18. In the judgment of East Rock Trading 7 (Pty) Limited and another v Eagle Valley Granite (Pty) Limited and others it was held: “The import thereof is that the procedure set out in Rule 6(12) is not there for the taking. An applicant has to set forth explicitly the circumstances which he avers render the matter urgent.

 

19. More importantly, the applicant must state the reasons why he claims that he cannot be afforded substantial readdress at a hearing in due course. The only reason thus far by the Applicant was, should this matter not be heard on urgency, it will take a while for this matter to see its days in a normal motion roll. Such was refuted by the Respondent. The question of whether a matter is sufficiently urgent to be enrolled and heard as an urgent application is underpinned by the issue of absence of substantial readdress in the application in due course.

 

 

20. The rules allow the court to come to the assistance of a litigant because of the latter, were to wait for the normal course laid down by the rules, it will not obtain substantial readdress. In my view this matter deserves effective time in court, there is substation redress. It is important to note that the rules require absence of substantial redress.

 

21. This is not equivalent to irreparable harm that is required before the granting of an interim relief. It is something less. He may still obtain redress in an application in due course, but it may not be substantial. Whether an applicant will not be able to obtain substantial redress in an application in due course will be determined by the facts of each case. An applicant must make out his case in this regard.

 

22. In the well-known and widely approved judgment, if a matter becomes opposed in the urgent motion court and the papers become voluminous there must be exceptional reasons why the matter is not to be removed to the ordinary motion roll.
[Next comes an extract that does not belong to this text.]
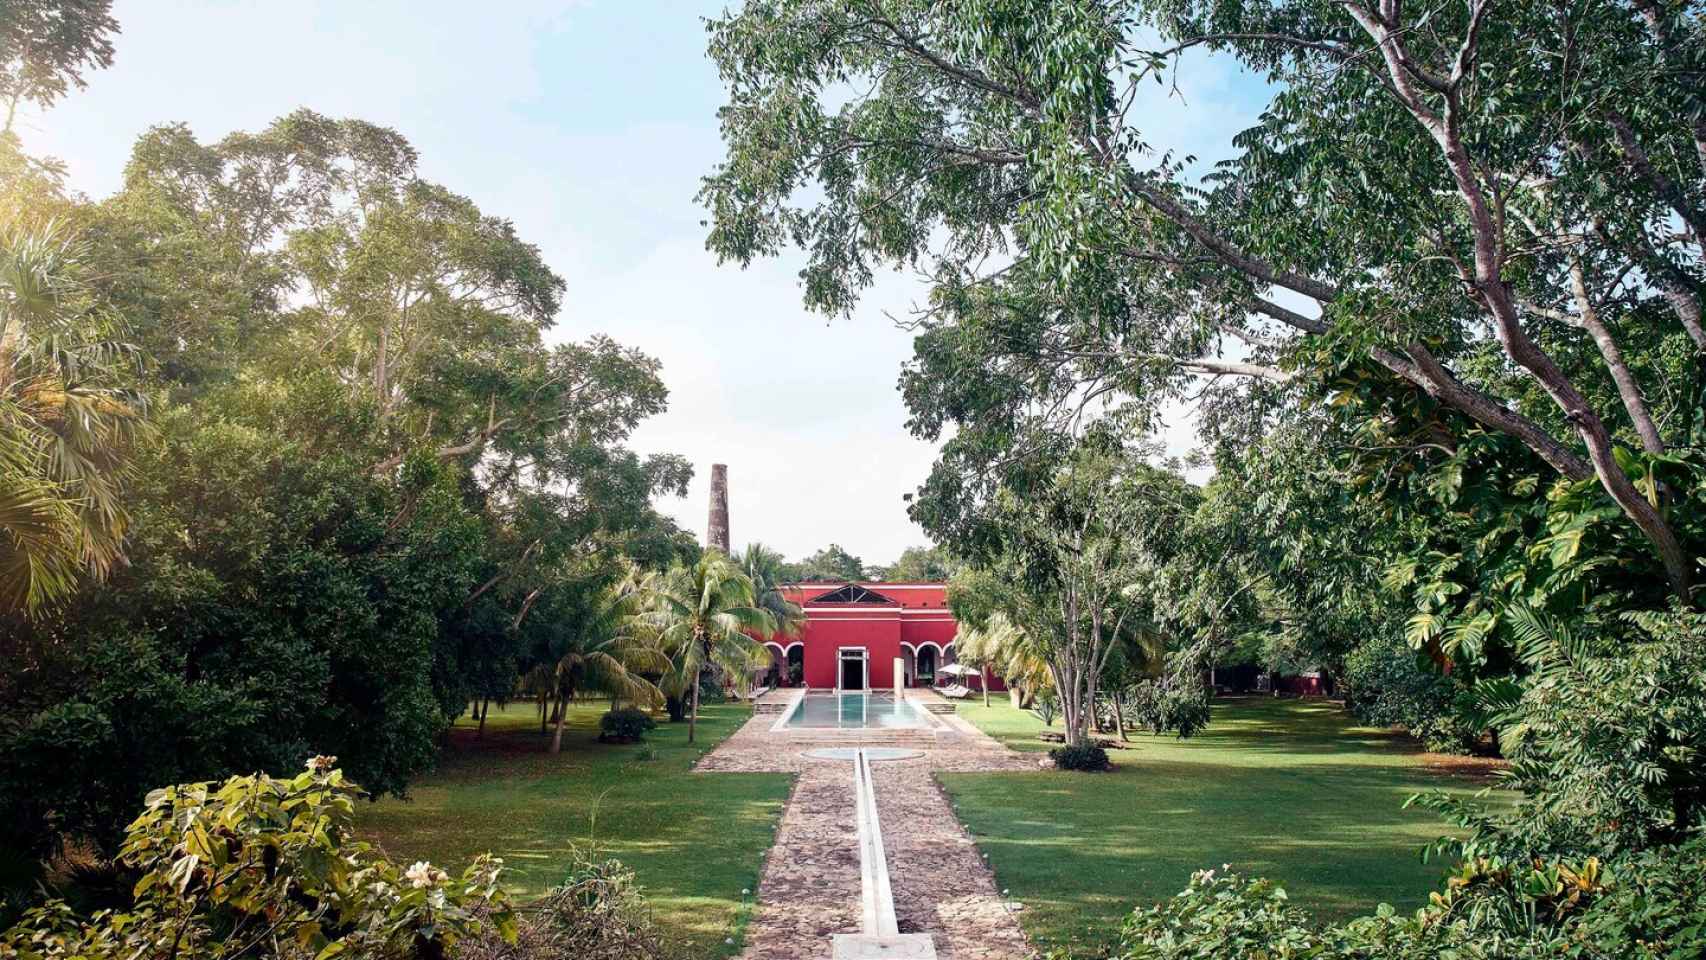 El hotel se encuentra en plena selva tropical de Yucatán.

The urgent court is not geared to dealing with a matter which is not only voluminous but clearly includes some complexity and even some novel points of law.
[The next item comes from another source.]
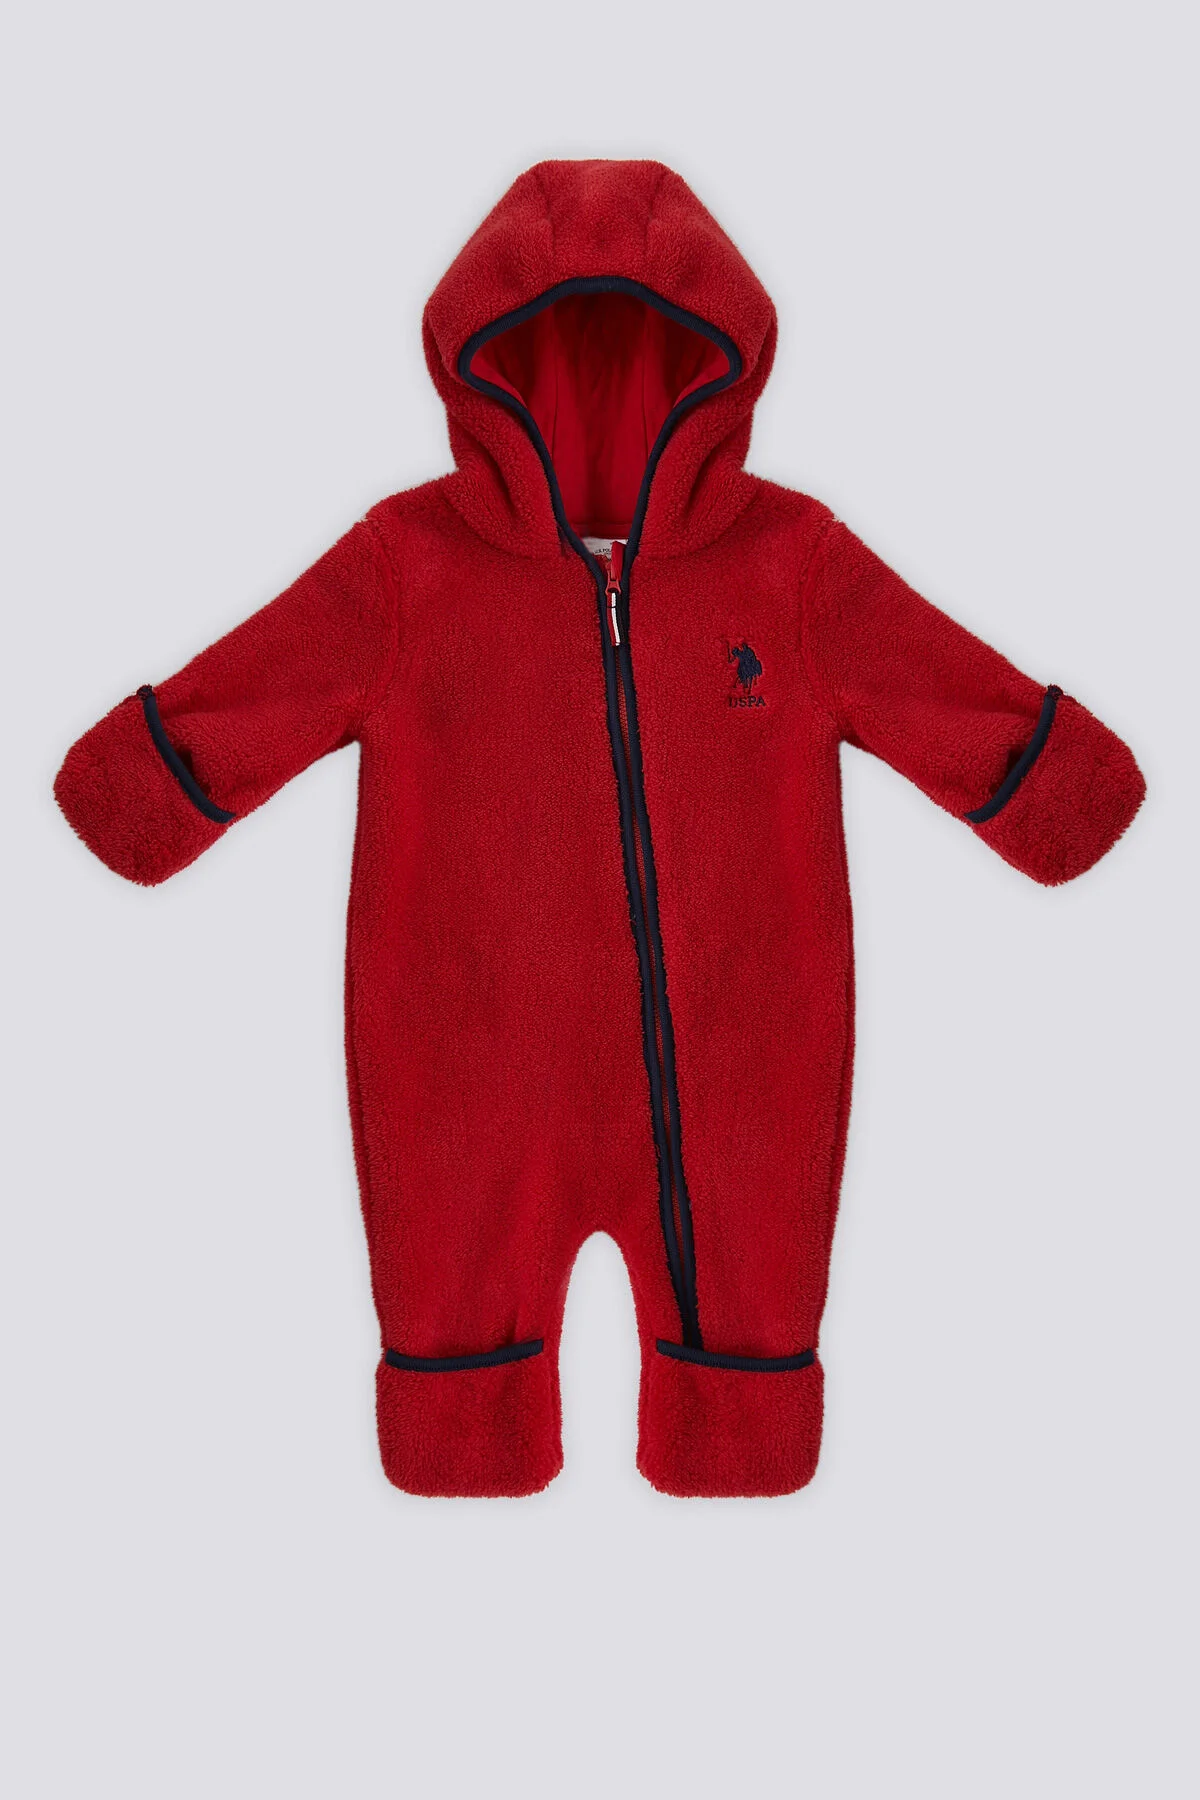 U.S. Polo Erkek Bebek Tulum 1436 Kırmızı

23. The abovementioned principle was once again considered, and confirmed, in the case of Mogalakwena Local Municipality Vs the Provincial Executive Council, Limpopo and others The Court confirmed: It seems to me that when urgency is an issue the primary investigation should be to determine whether the applicant will be afforded substantial redress at a hearing in due course. If the applicant cannot establish prejudice in this sense, the application cannot be urgent. Once such prejudice is established, other factors come into consideration. These factors include (but are not limited to): Whether the respondents can adequately present their cases in the time available between notice of the application to them and the actual hearing, other prejudice to the respondent’s and the administration of justice, the strength of the case made by the applicant and any delay by the applicant in asserting its rights.

 

24. Before I consider the urgency or merits of the application, and in terms of the Practice Directives of this division. The enrolment shall be guided by when urgency arose and the nature of urgency and at the hearing of the matter the court shall first consider whether the enrolment is accordance with the preceding sub-paragraphs before it deals with urgency and or merits of the application. In this case it is not in dispute that a resolution was taken on the 7th July 2021 by members of the first Respondent, the   Applicants only launched this application on the 13th of July 2021 six days after. Bearing in mind that threats started as early as May 2021.

 

25. In my view the Applicant had failed to show a good cause of dispensing with the rules in their papers. It is evident that the alleged threats emanated in May 2021 allegedly threatened by the transactional advisor, during submissions the 7th of July resolution was projected prominently as the cause of this application. It is also clear that there are factual disputes of facts in respect of the Applicants rights and the Respondent`s. This court will not deal with this issues, the focal point its urgency. It is therefore uncalled for in such matters were facts relied upon are disputed and the Applicant choose to resolve this matter on affidavits.

 

26. Therefore, this court finds no evidence of imminent threats, harassment and intimidation. The Respondents were adamant in saying they have never corresponded with the Applicants regarding their removal and currently no intention of removing the Applicants. Even though they do not dispute the fact that a resolution was taken on the 7th of July 2021 it so happens that procedurally it was inappropriate.

 

27. Pertinently on the applicants own version the matter cannot be rendered urgent to the extent that the applicants have requested for removal of the matter this in my view puts an end to the question of urgency.

 

28. In my view the applicants have not made out a case for urgency. If there is any urgency, it is self -created. Having regard hereto, it is not necessary to deal with the points in limine.

 

29. It is also evident to me that the concerns of the applicants regarding harassment, intimidation and removal by the respondent is misplaced and unjustified. I am of the view that the facts and circumstances set out in the Applicant’s affidavit do not constitute sufficient urgency for the application to be brought as an urgent application. There is no urgency whatsoever.

 

Order:

In the result I make the following order 

1.    The matter is struck from the roll with costs.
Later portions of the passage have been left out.